The regulatory pathways for products intended for articular cartilage repair are often long and burdensome on study sponsors to obtain FDA approval, in both time and cost of clinical trials. In the United States, the only pathways to significantly shorten the path to market include the reclassification of cartilage repair devices from class III to class II or a change in medical device and biologics legislation. Because there are so many different technologies that use different mechanisms of actions, different materials, have different risks, and are indicated for different populations, the FDA would have a difficult task to develop special controls that would encompass all cartilage replacement technologies. In addition, as a paucity of products have obtained FDA approval to repair or regenerate articular cartilage to date, the FDA has little information from device clinical trials to downclassify these types of medical devices to class II. Even if the FDA were to downclassify cartilage repair devices to class II, the FDA would most likely still require clinical data for these technologies prior to obtaining premarket clearance, although likely a more limited dataset than is currently necessary for PMA approval.

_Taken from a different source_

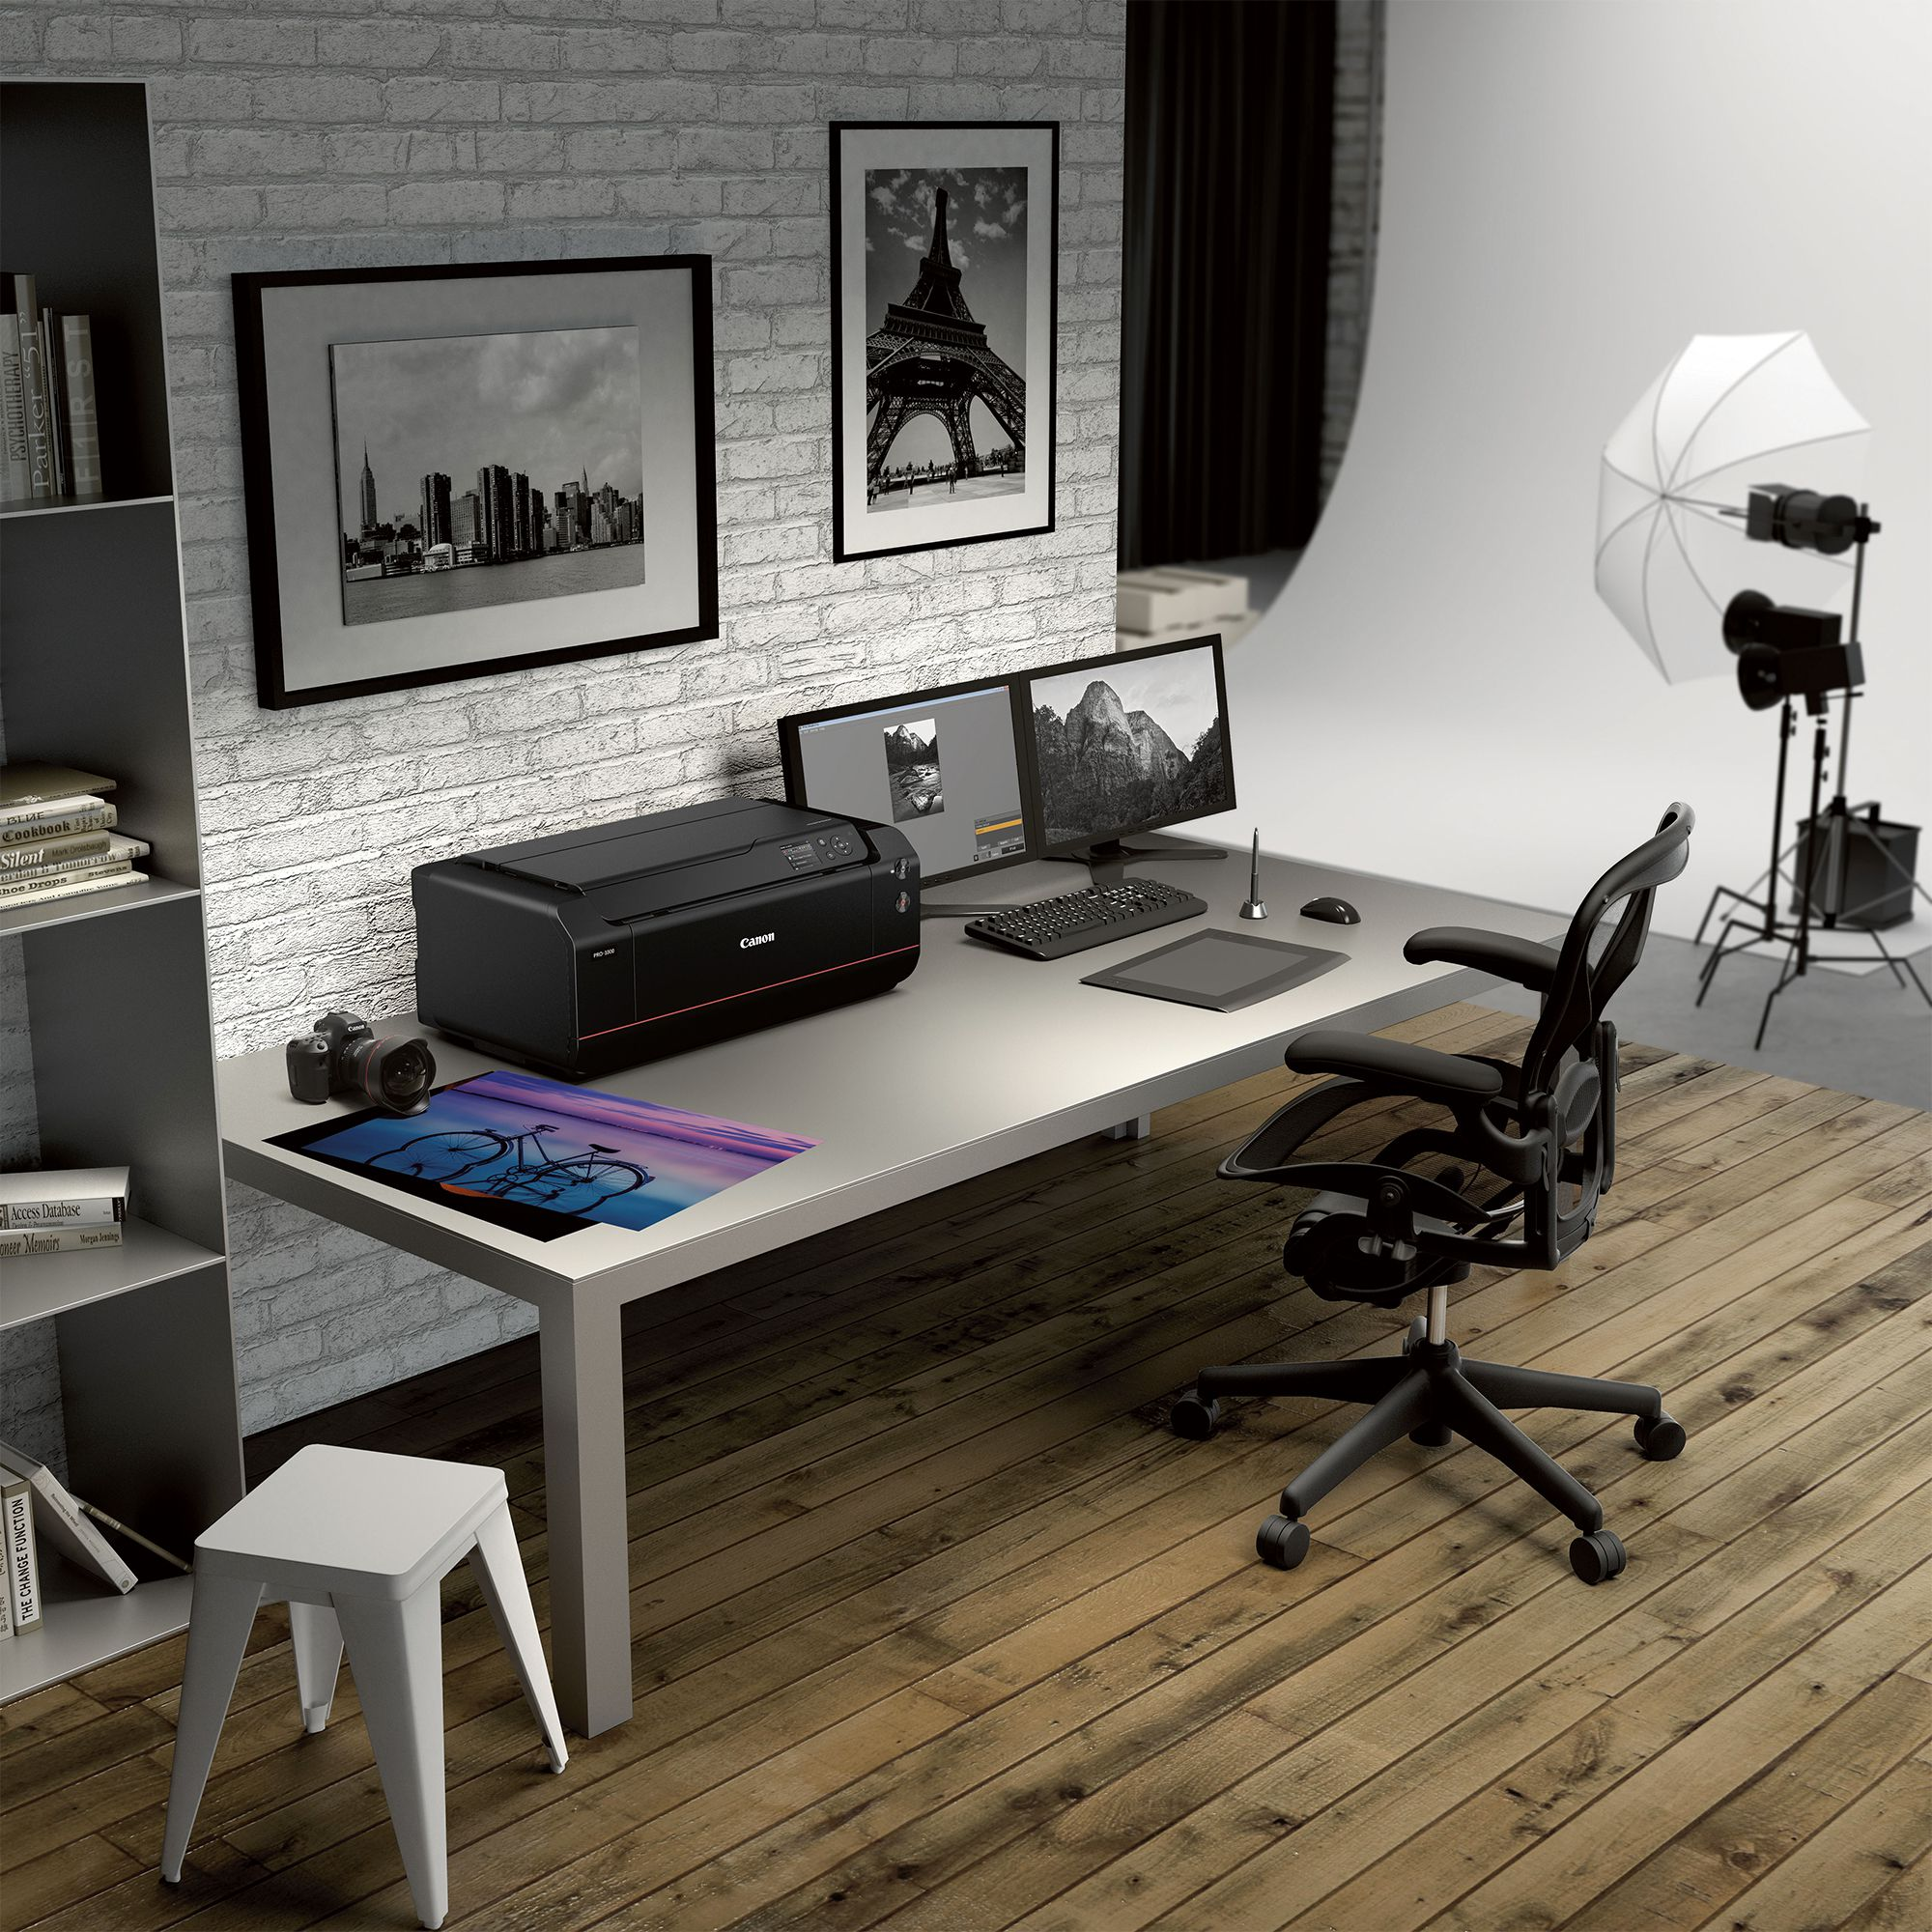 Canon imagePROGRAF Pro1000 Professional Photo Printer
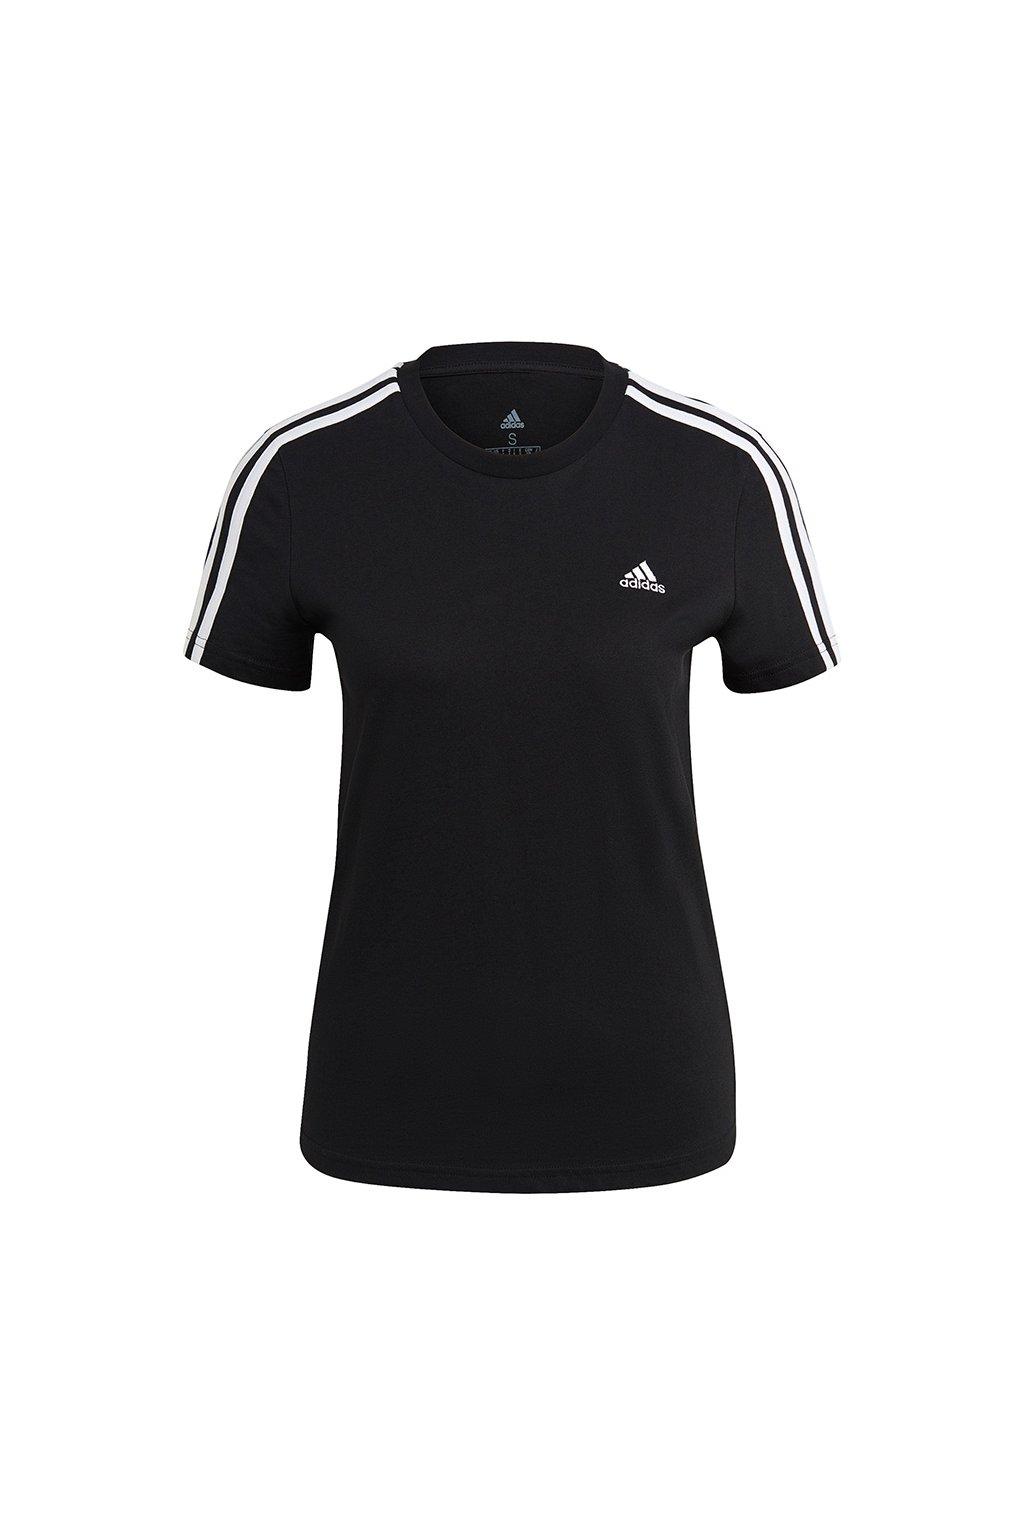 Dámske tričko adidas Essentials Slim T-Shirt čierne GL0784

Changing the regulatory pathway for cartilage repair products via legislation is also difficult. Many members of industry have lobbied for a European-style pathway for medical devices, demonstrating the efficacy of products in basic science and proof of principle animal studies with only a limited clinical proof of concept. However, recent news media and FDA attention to the safety issues with metal-on-metal hips[23] and other products have provided pressure on legislators and the FDA to make the premarket approval process even more stringent for pre-market clearance or approval based on safety concerns. Industry and the scientific community will need to actively press for legislation to allow for a less burdensome approach to bring cartilage repair therapies to market, as well as work with the FDA early in the development process to allow the least burdensome approach to bring the product to market, while still addressing concerns about safety and effectiveness.

While the FDA strives for transparency in its expectations and the review process, details of clinical studies are only selectively revealed on clinicaltrials.gov, and results are only presented in public via FDA Advisory Committee meetings, industry sponsor publication, and professional labeling once approval is obtained. Although much of the lack of transparency is necessary to maintain confidentiality of details of a sponsor’s technology while undergoing review, this also makes the public and competitor companies unaware of the current thinking of the FDA on various products, particularly those that do not complete a clinical study or submit a marketing application to the FDA. Even though a recent US law requires all clinical trials for use in marketing applications to be listed on clinicaltrials.gov,[24] industry can not only gain a greater degree of transparency about ongoing clinical trials but also see that there is no truly consistent clinical study design because of the differences in indications or technology mechanism of action.

Working with the FDA at early stages in development through presubmission pathways[25] will allow industry to gain valuable insight during the initial development process and take necessary steps to address FDA’s concerns early in the process. Developing a rapport with FDA reviewers through the clinical study approval process and during the clinical study is necessary to inform the FDA about the product and allow the FDA to obtain a degree of comfort with the product prior to submission of a marketing application.

The path to regulatory approval for a cartilage repair therapy is challenging and time-consuming, involving often multiple phases of clinical study and data analysis. However, with the proper planning and attention to the details associated with the clinical trial, the process can be made easier, eventually saving the company time and money by bringing a product to the market in the most expeditious process possible.